Convert Direct Parameters (DP) to Centred Parameters (CP).

PARAMETER DESCRIPTION
xi

Location parameter (2×1 array).

TYPE: ndarray

omega

Scale matrix (2×2 array).

TYPE: ndarray

alpha

Skewness parameter (2×1 array).

TYPE: ndarray

family

Distribution family.

TYPE: Literal['SN', 'ESN', 'ST', 'SC'] DEFAULT: 'SN'

RETURNS DESCRIPTION
tuple

Tuple of centred parameters (mean, sigma, skew).

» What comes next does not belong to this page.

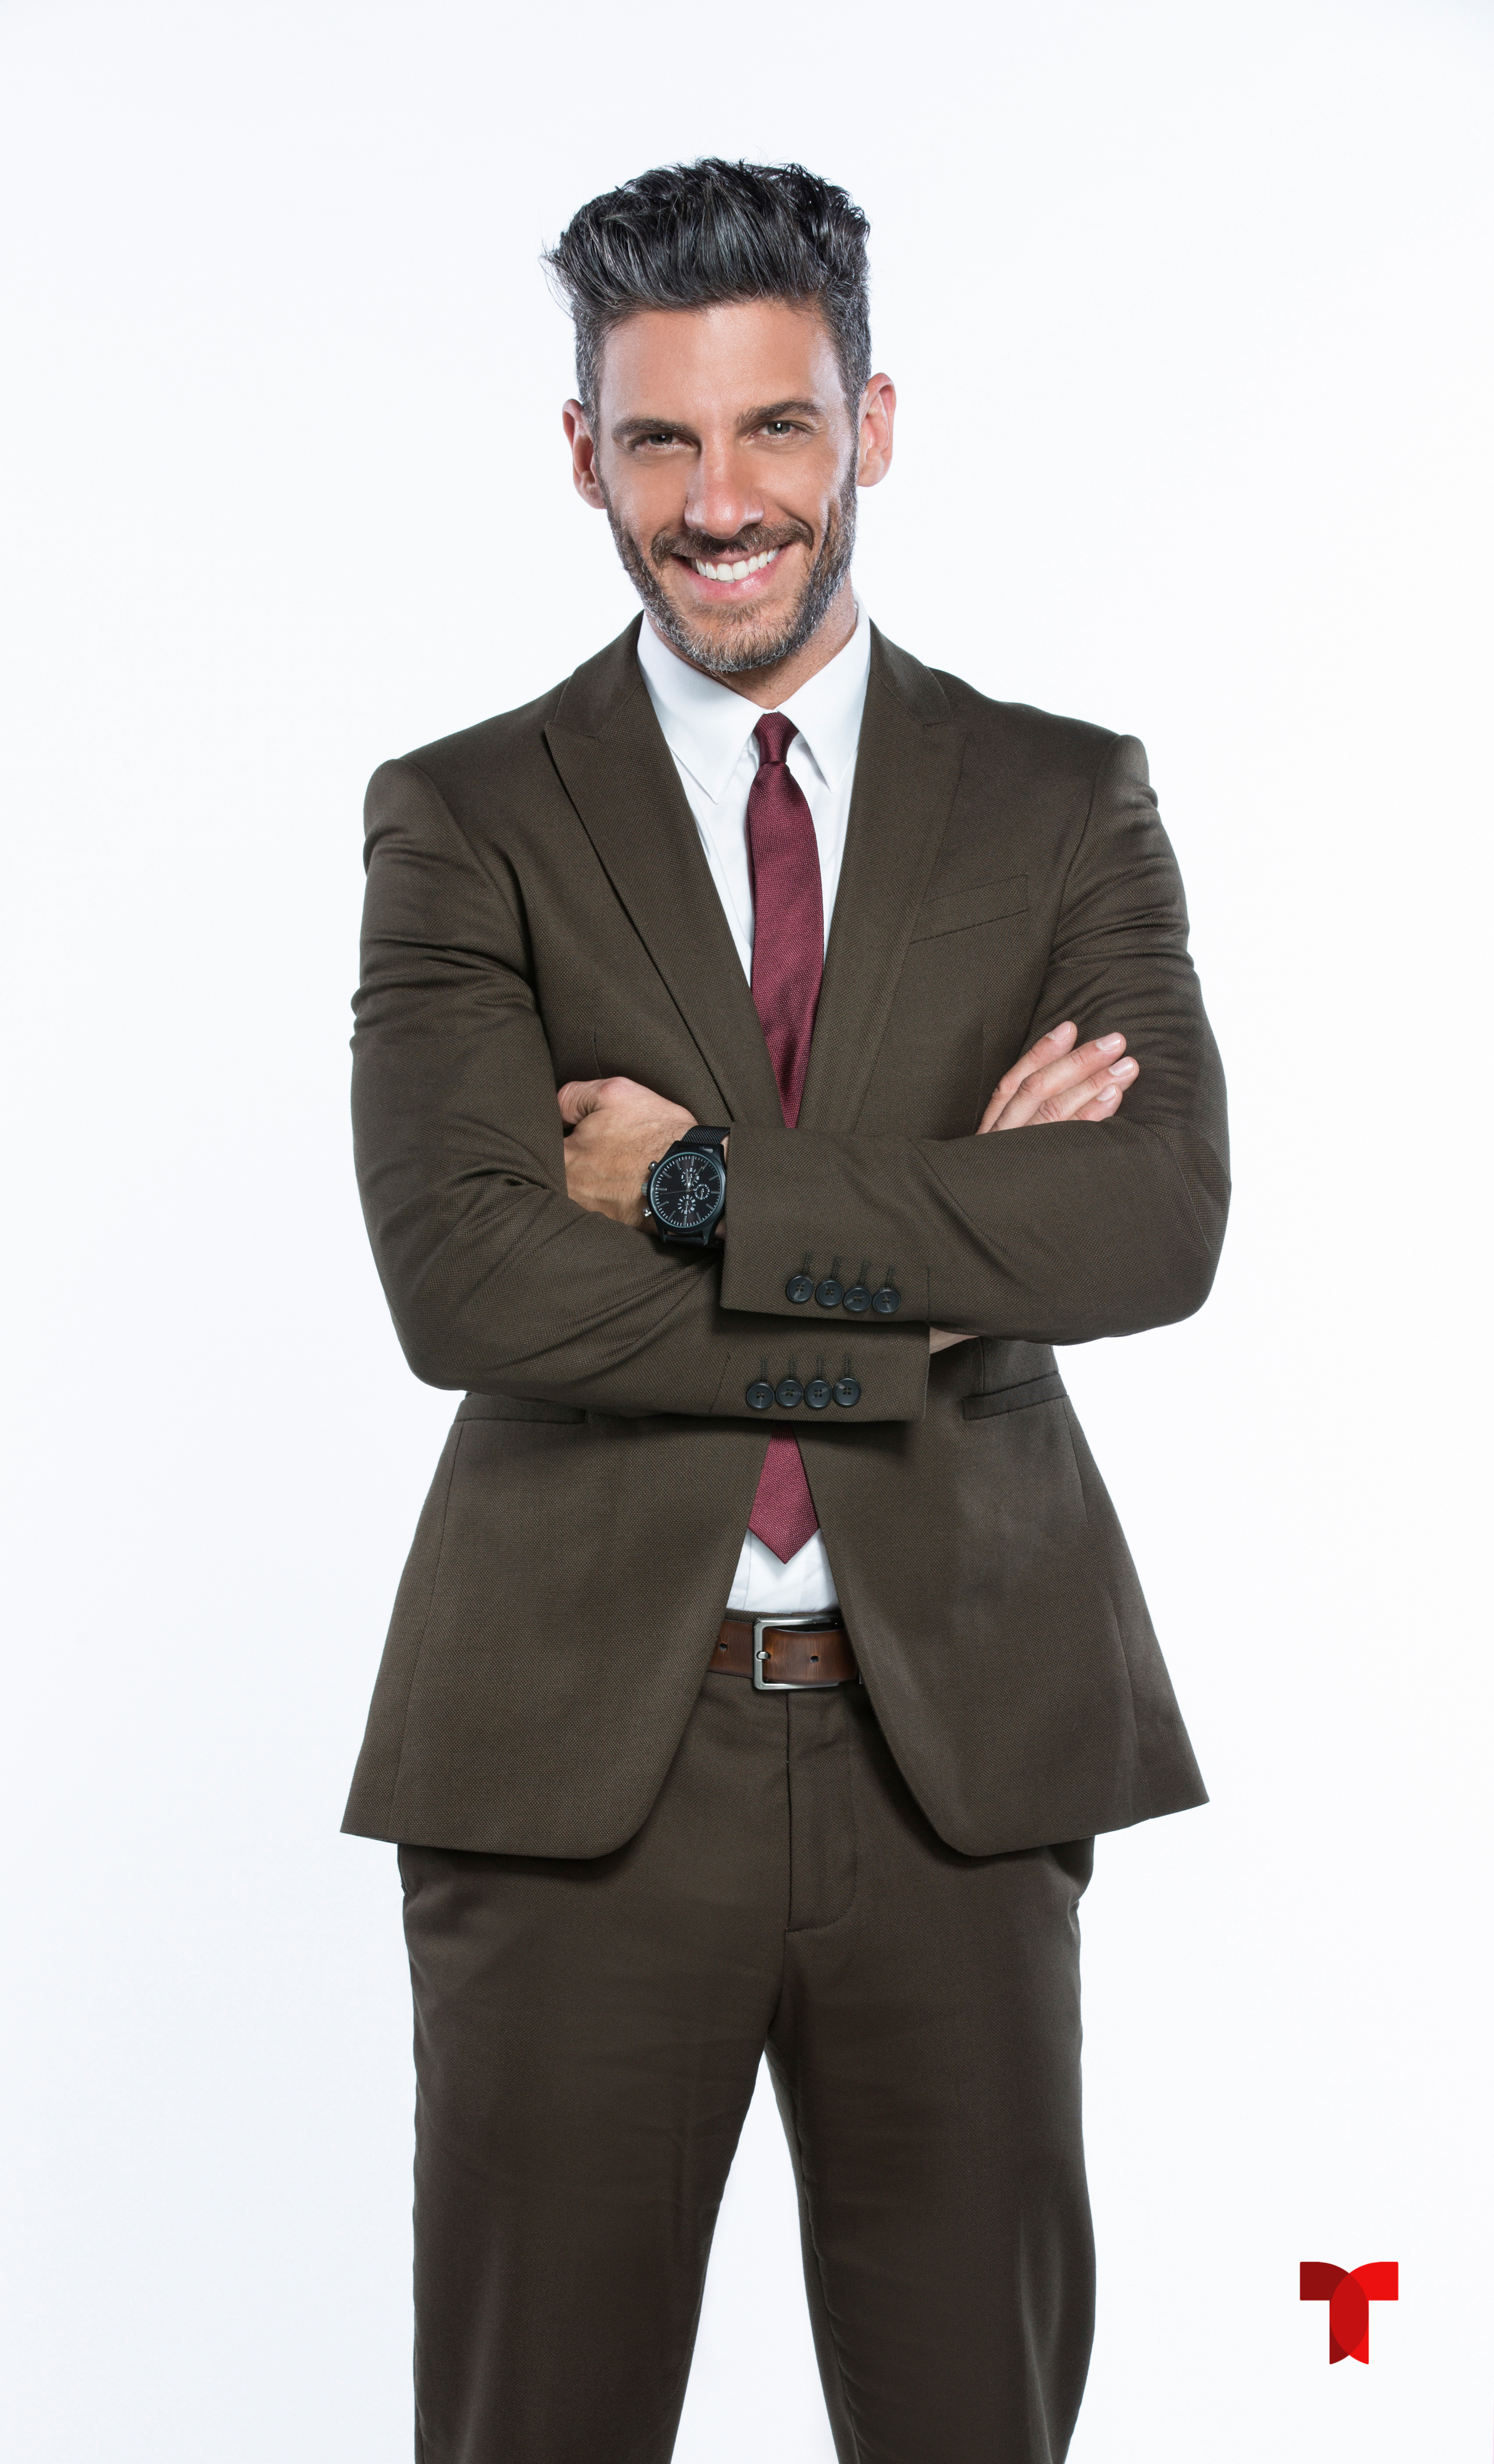 Erick Elias como Armando_003_T copia

Source code in src/soundscapy/r_wrapper/_r_wrapper.py
def dp2cp(
    xi: np.ndarray,
    omega: np.ndarray,
    alpha: np.ndarray,
    family: Literal["SN", "ESN", "ST", "SC"] = "SN",
) -> tuple:
    """Convert Direct Parameters (DP) to Centred Parameters (CP).

    Parameters
    ----------
    xi
        Location parameter (2×1 array).
    omega
        Scale matrix (2×2 array).
    alpha
        Skewness parameter (2×1 array).
    family
        Distribution family.

    Returns
    -------
    :
        Tuple of centred parameters ``(mean, sigma, skew)``.
    """
    r = get_r_session()
    dp_r = robjects.ListVector(
        {
            "xi": robjects.FloatVector(xi.T),
            "Omega": _np2rmat(omega),
            "alpha": robjects.FloatVector(alpha),
        }
    )
    cp_r = r.sn.dp2cp(dp_r, family=family)
    return tuple(_r2np(cp_r[i]) for i in range(len(cp_r)))

cp2dp

cp2dp(
    mean: ndarray,
    sigma: ndarray,
    skew: ndarray,
    family: Literal["SN", "ESN", "ST", "SC"] = "SN",
) -> tuple

Convert Centred Parameters (CP) to Direct Parameters (DP).

PARAMETER DESCRIPTION
mean

Mean vector (2×1 array).

TYPE: ndarray

sigma

Covariance matrix (2×2 array).

TYPE: ndarray

skew

Skewness vector (2×1 array).

TYPE: ndarray

family

Distribution family.

TYPE: Literal['SN', 'ESN', 'ST', 'SC'] DEFAULT: 'SN'

RETURNS DESCRIPTION
tuple

Tuple of direct parameters (xi, omega, alpha).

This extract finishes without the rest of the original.